Up to 10 cases of MDR-TB are detected here each year, according to the leading Irish specialist on TB, Dr Luke Clancy of Peamount Hospital, Dublin. He confirmed that the number of drug-resistant TB cases here was small but increasing and could pose a threat to Ireland if not properly addressed. "Ireland has between five and 10 cases (of MDR-TB) a year. We know that will increase. It's inevitable," he said yesterday.

Developed countries have a better chance of controlling the spread of MDR-TB, according to Dr Arata Kochi, director of the WHO Global TB programme. There were more resources for drug therapy and long-term treatment of patients, which was not the situation in developing countries.

Inconsistent or partial treatment of TB was the root cause of MDR-TB, Mr Bumgarner explained. Patients were either misdiagnosed and not treated for the MDR-TB strains, or they discontinued or took medication improperly.

Asked what Ireland should do to contain any spread of MDR strains, he suggested authorities had to "ensure that Ireland's TB treatment programmes are good" so new resistant strains were not being produced.
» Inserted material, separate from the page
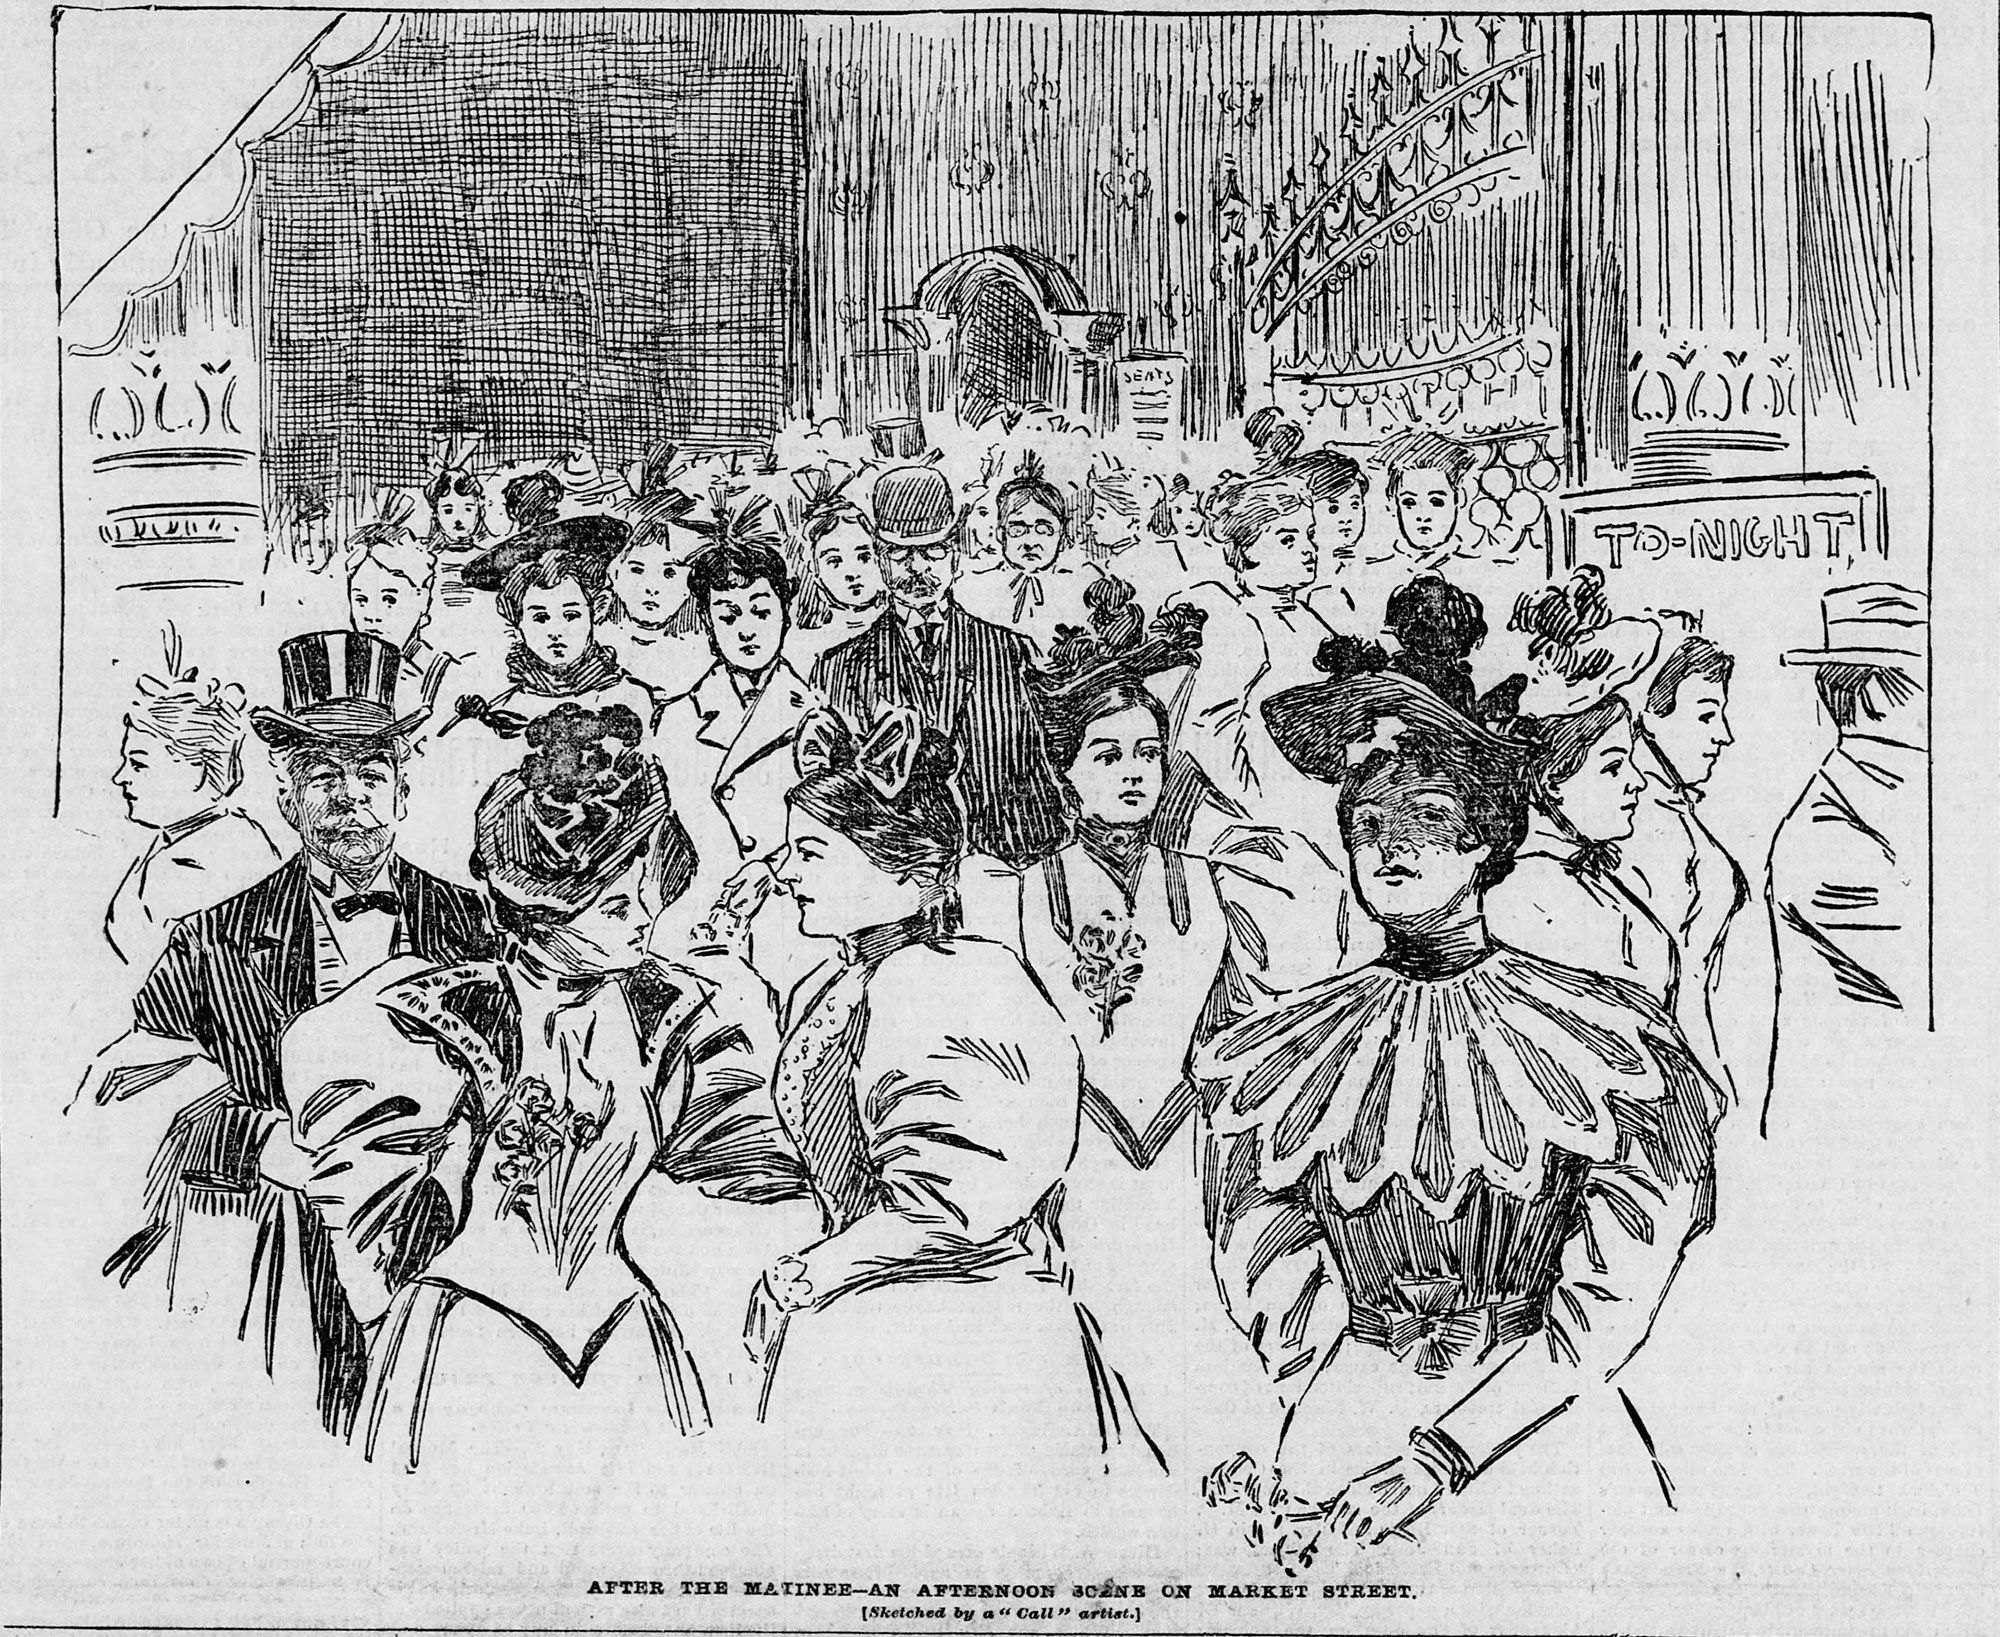 Illustration of crowd from 1895 newspaper

One untreated, undetected patient typically infected 10 to 20 more a year, he said.

The WHO/CDC report, Anti-Tuberculosis Drug Resistance in the World, identified a number of countries, "hot zones" where between two and 22 per cent of all TB cases were MDR-TB strains. The work was based on testing carried out in 35 countries involving 50,000 TB cases.

The incidence of MDR-TB cases in Europe, and indications they will increase, has convinced WHO of the urgent need for a programme to monitor such strains of tuberculosis in each country, according to one of the report's authors, Dr Mario Raviglione of WHO Global TB Programme in Geneva. This should be in place within two years.